DESCRIPTION OF THE TASK: Return the data that follows exactly as it appears. Pictures do not belong in the copy.

SUPPLIED DATA:
= Beginning of Section =
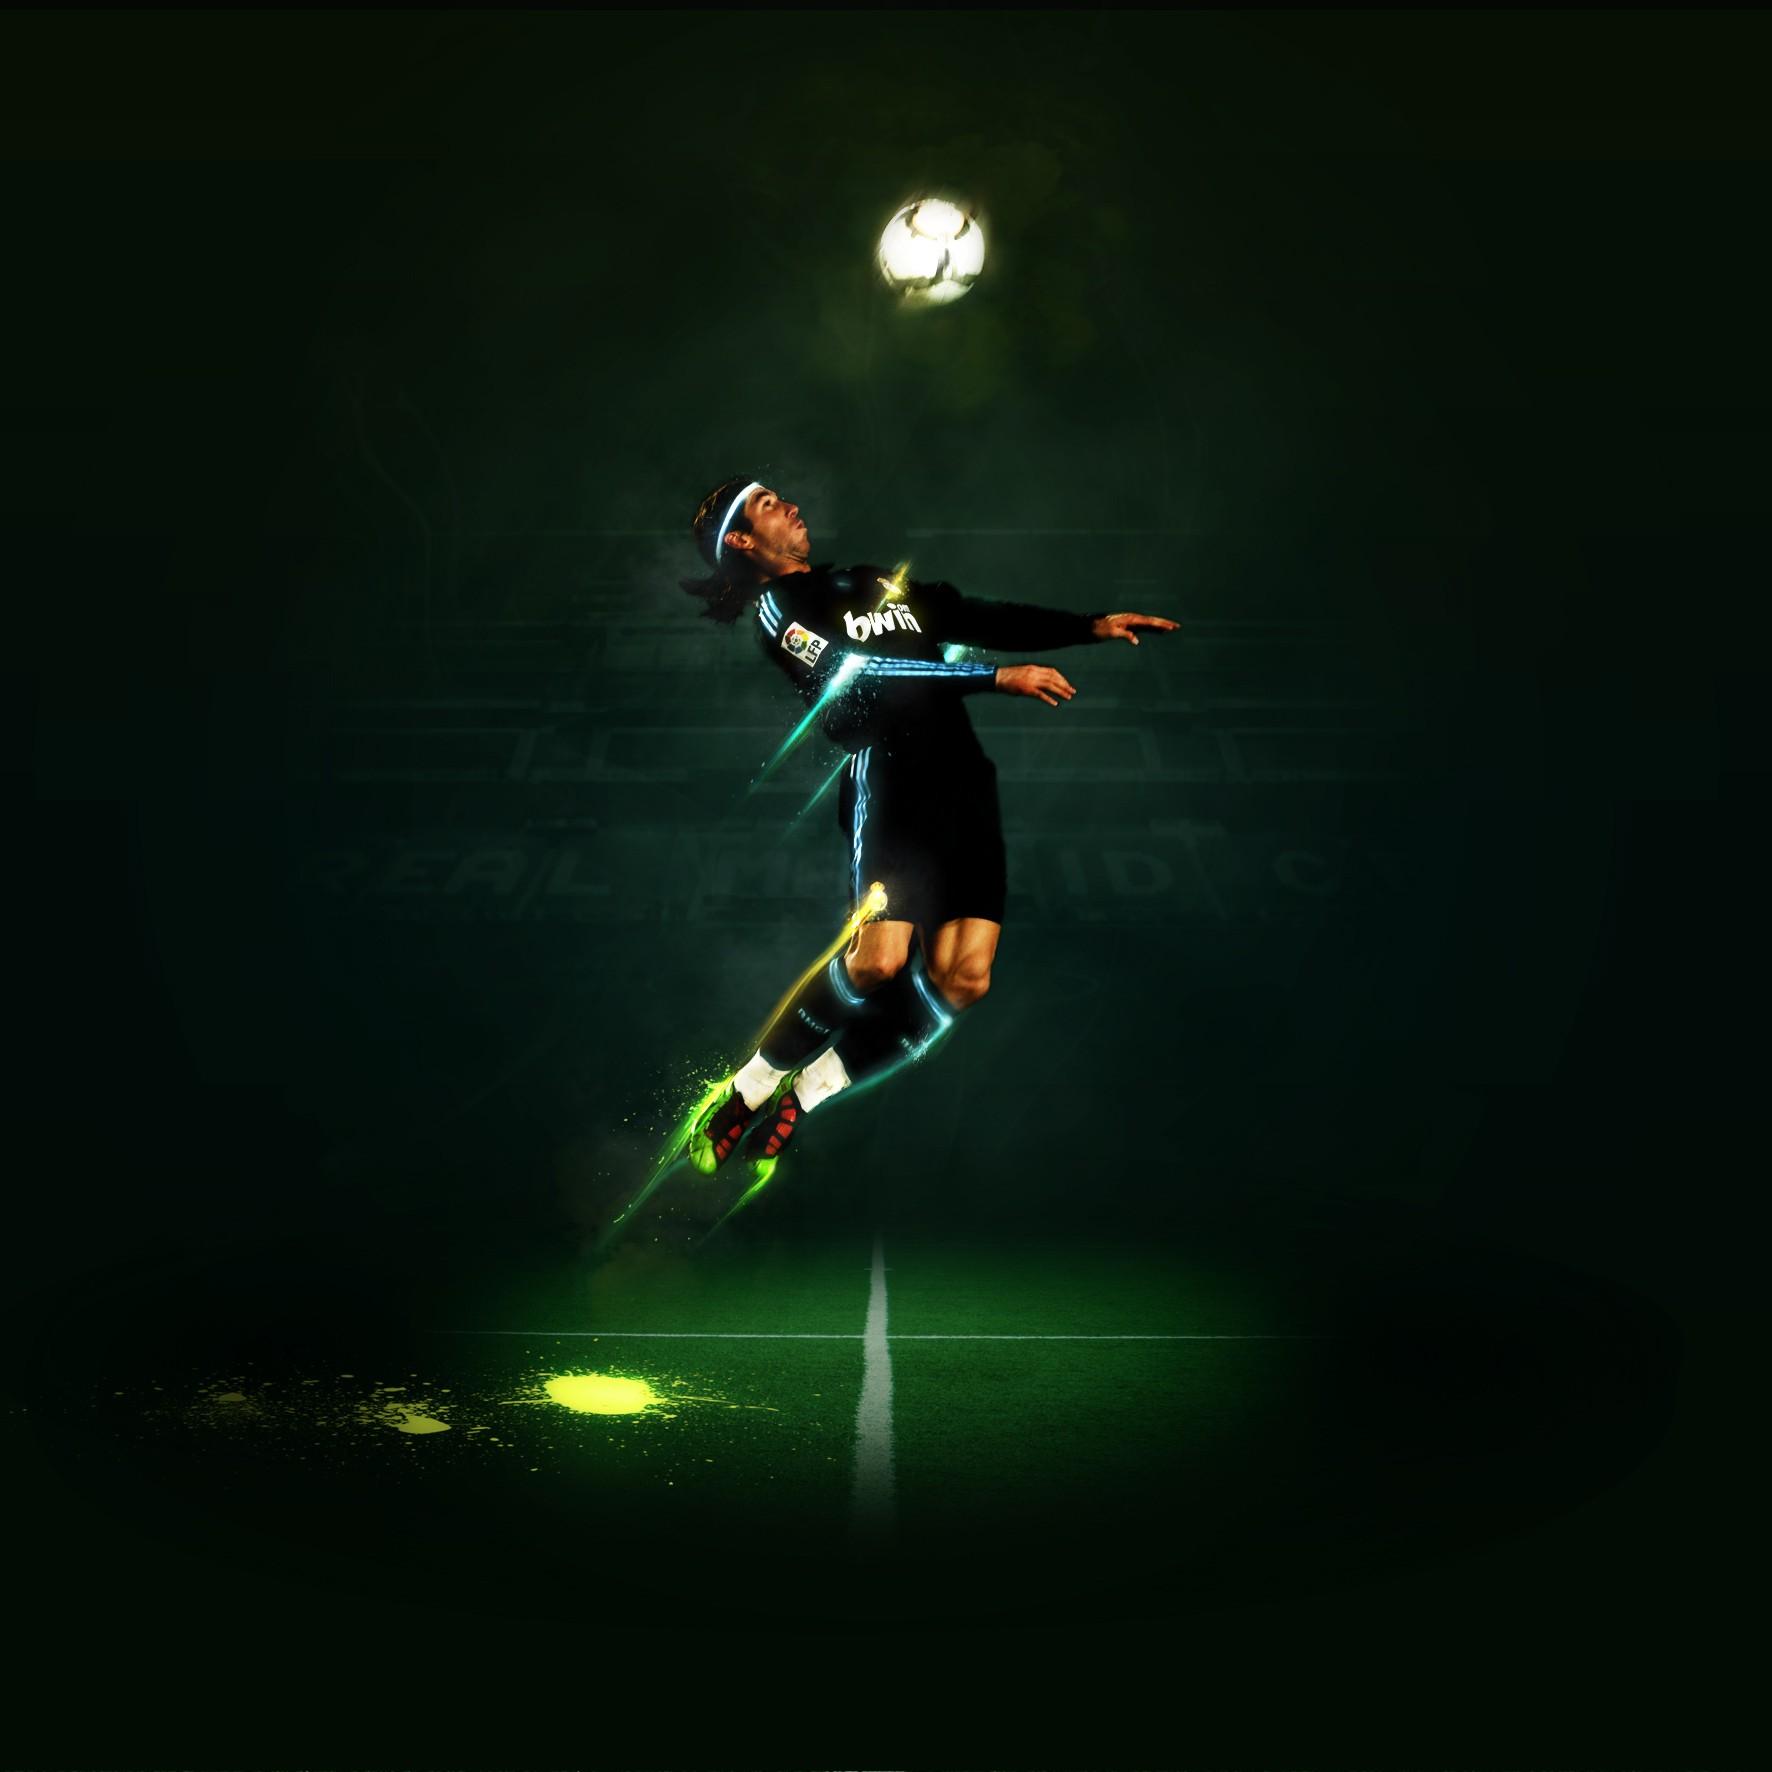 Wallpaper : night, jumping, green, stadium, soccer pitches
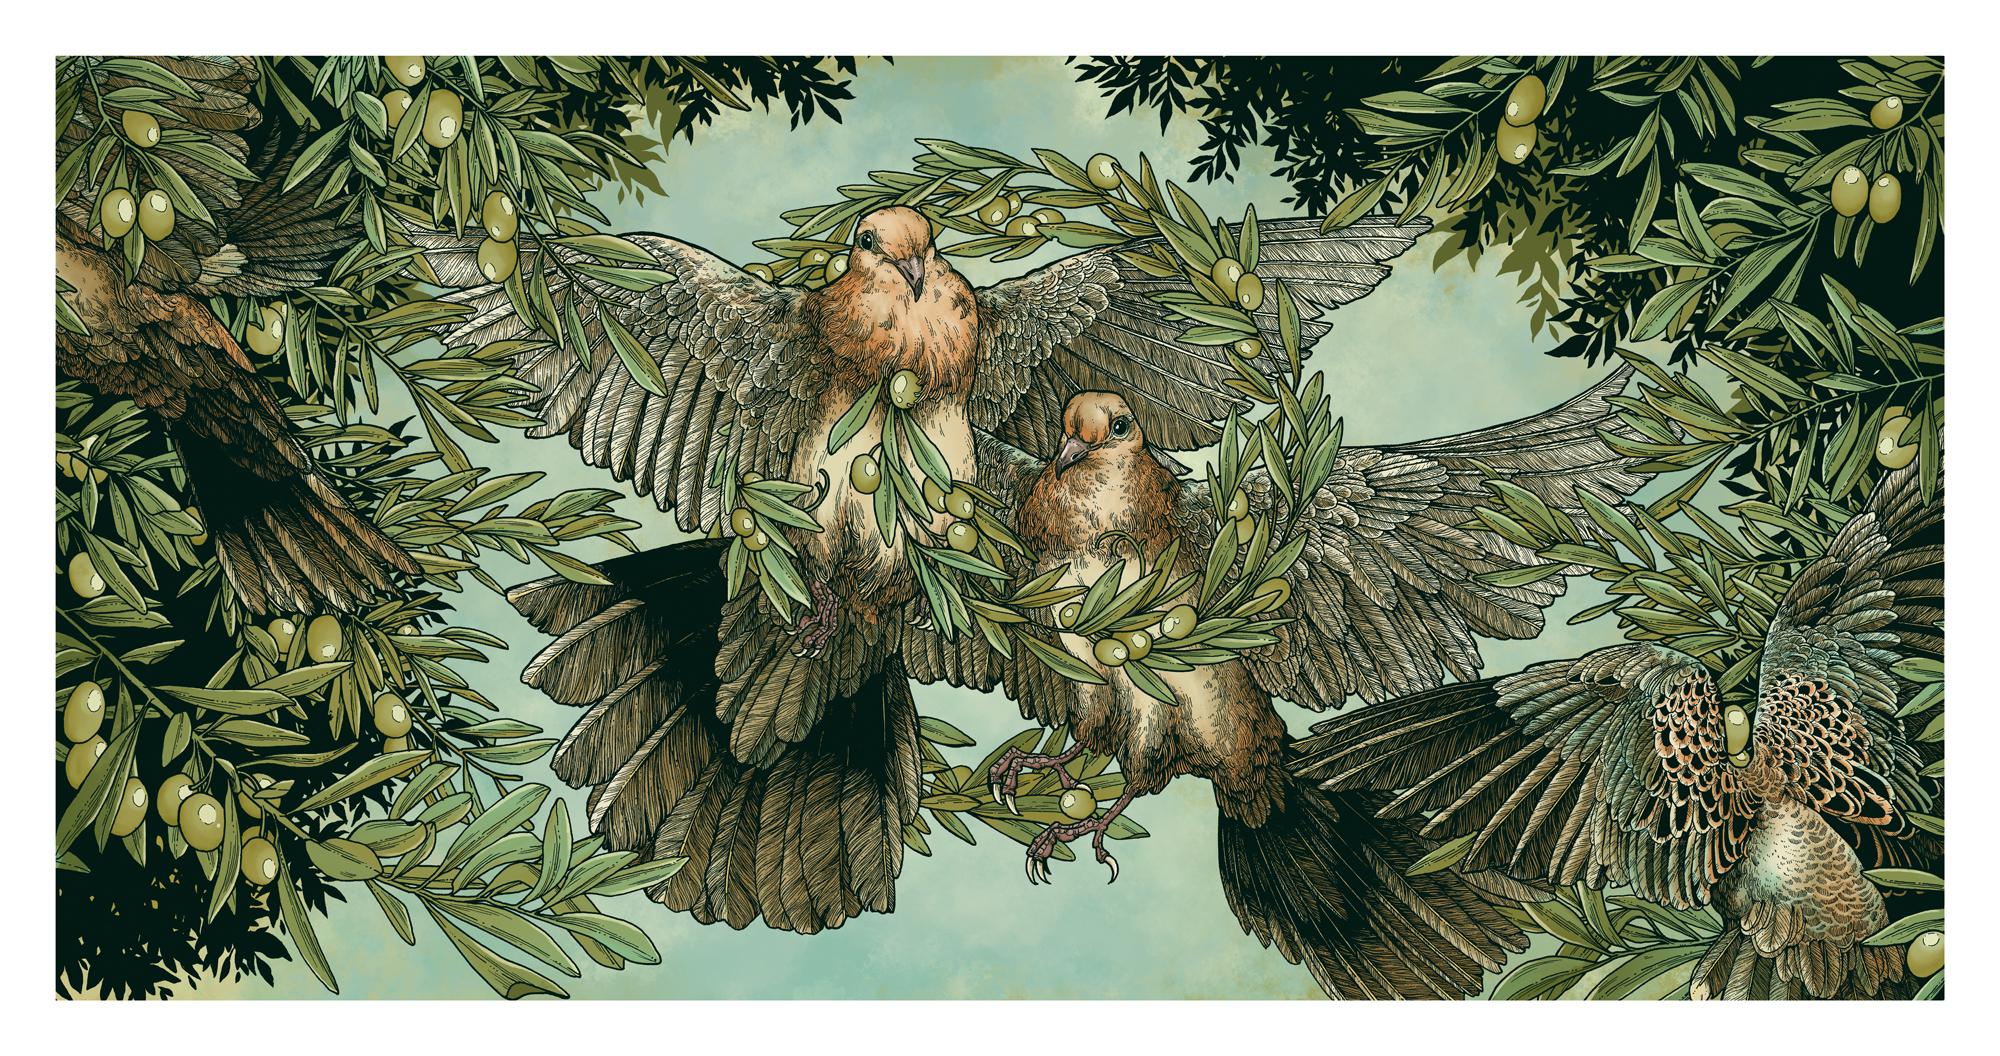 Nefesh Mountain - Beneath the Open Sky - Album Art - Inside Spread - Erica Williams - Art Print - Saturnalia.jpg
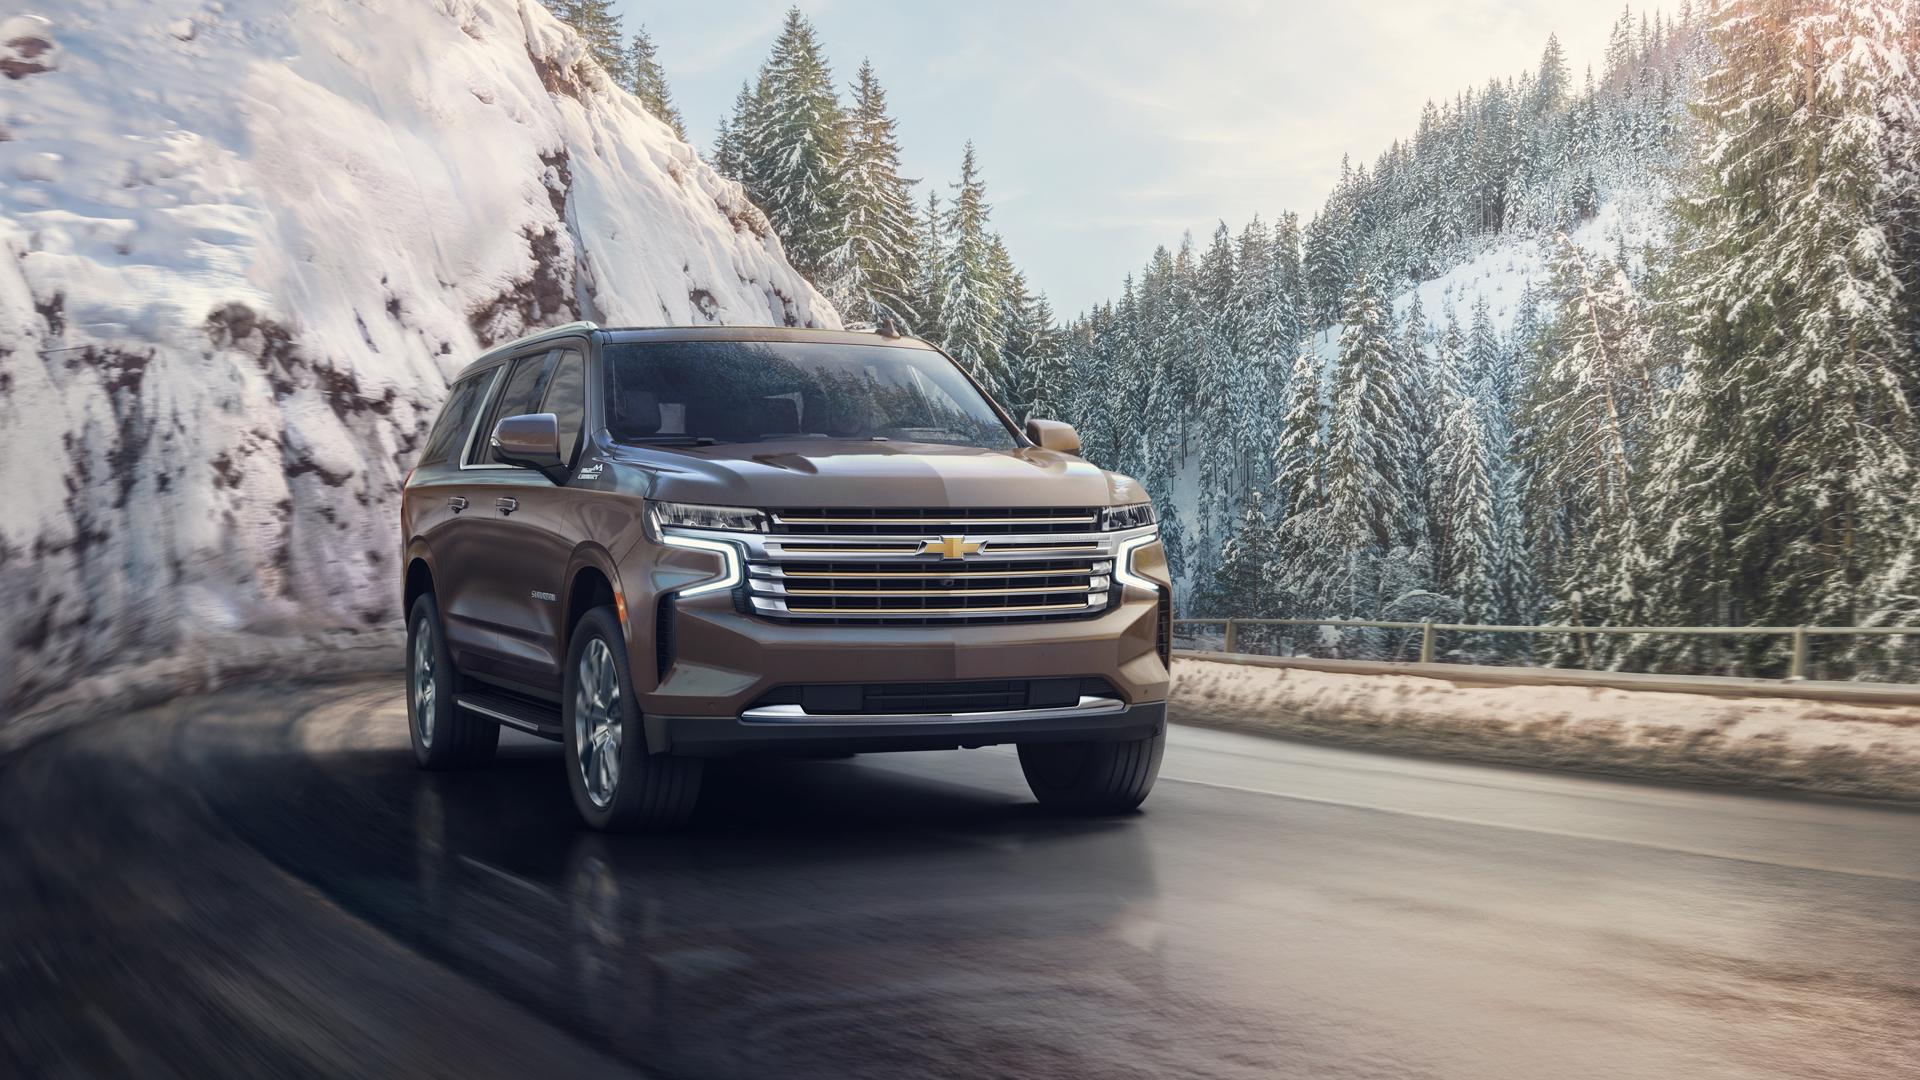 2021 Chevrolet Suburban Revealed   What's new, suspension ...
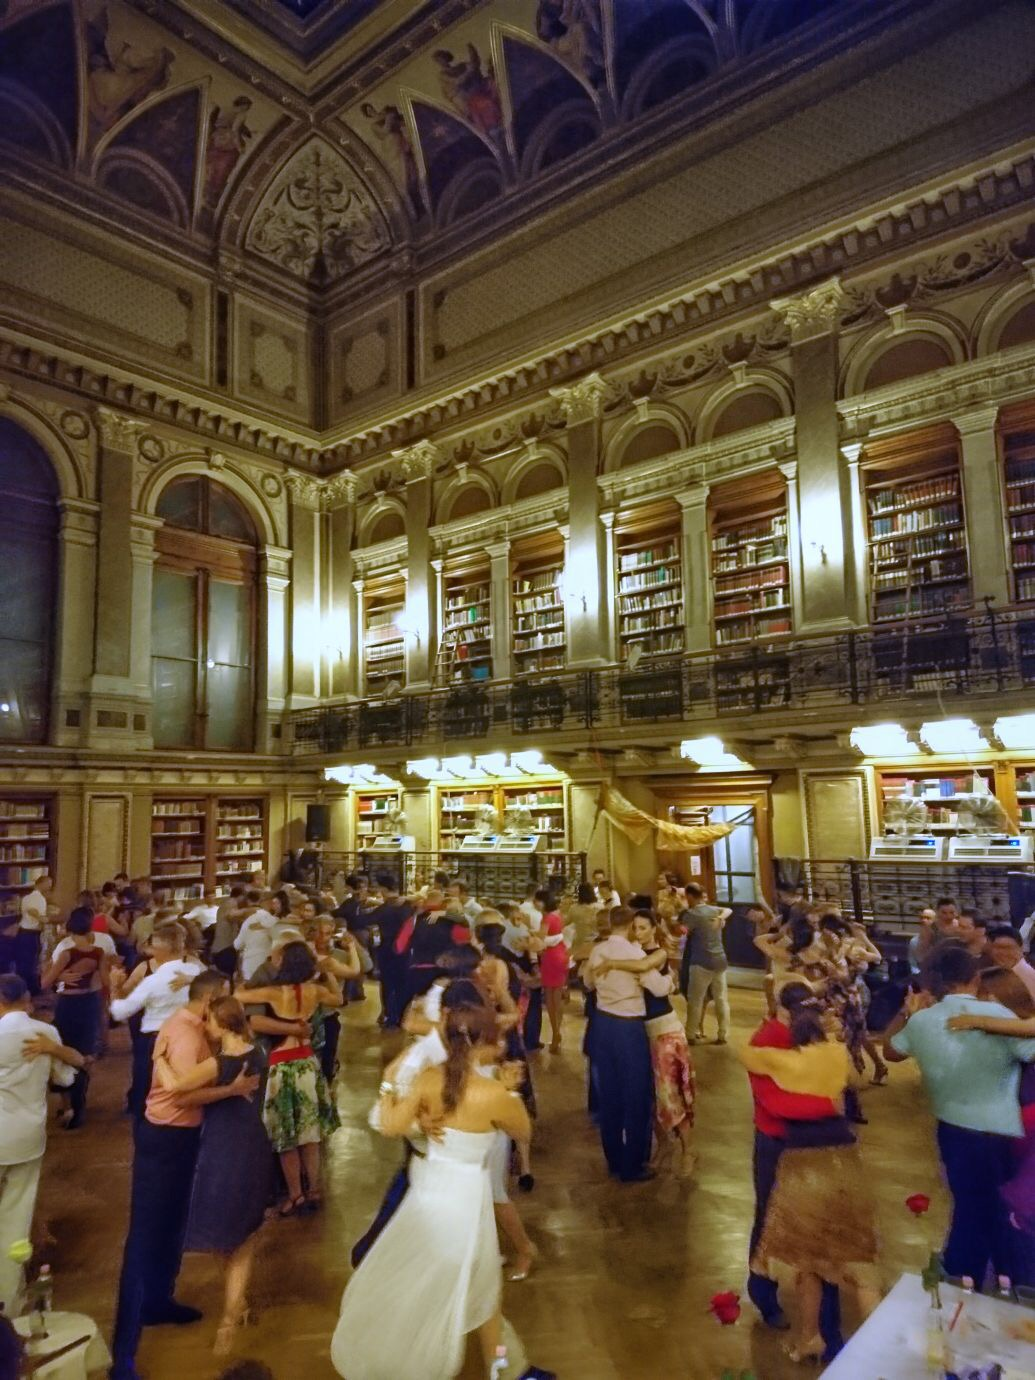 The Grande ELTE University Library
= End of Section =
ANSWER FOR THIS EXERCISE:
 Wallpaper : night, jumping, green, stadium, soccer pitches
 Nefesh Mountain - Beneath the Open Sky - Album Art - Inside Spread - Erica Williams - Art Print - Saturnalia.jpg
 2021 Chevrolet Suburban Revealed   What's new, suspension ...
 The Grande ELTE University Library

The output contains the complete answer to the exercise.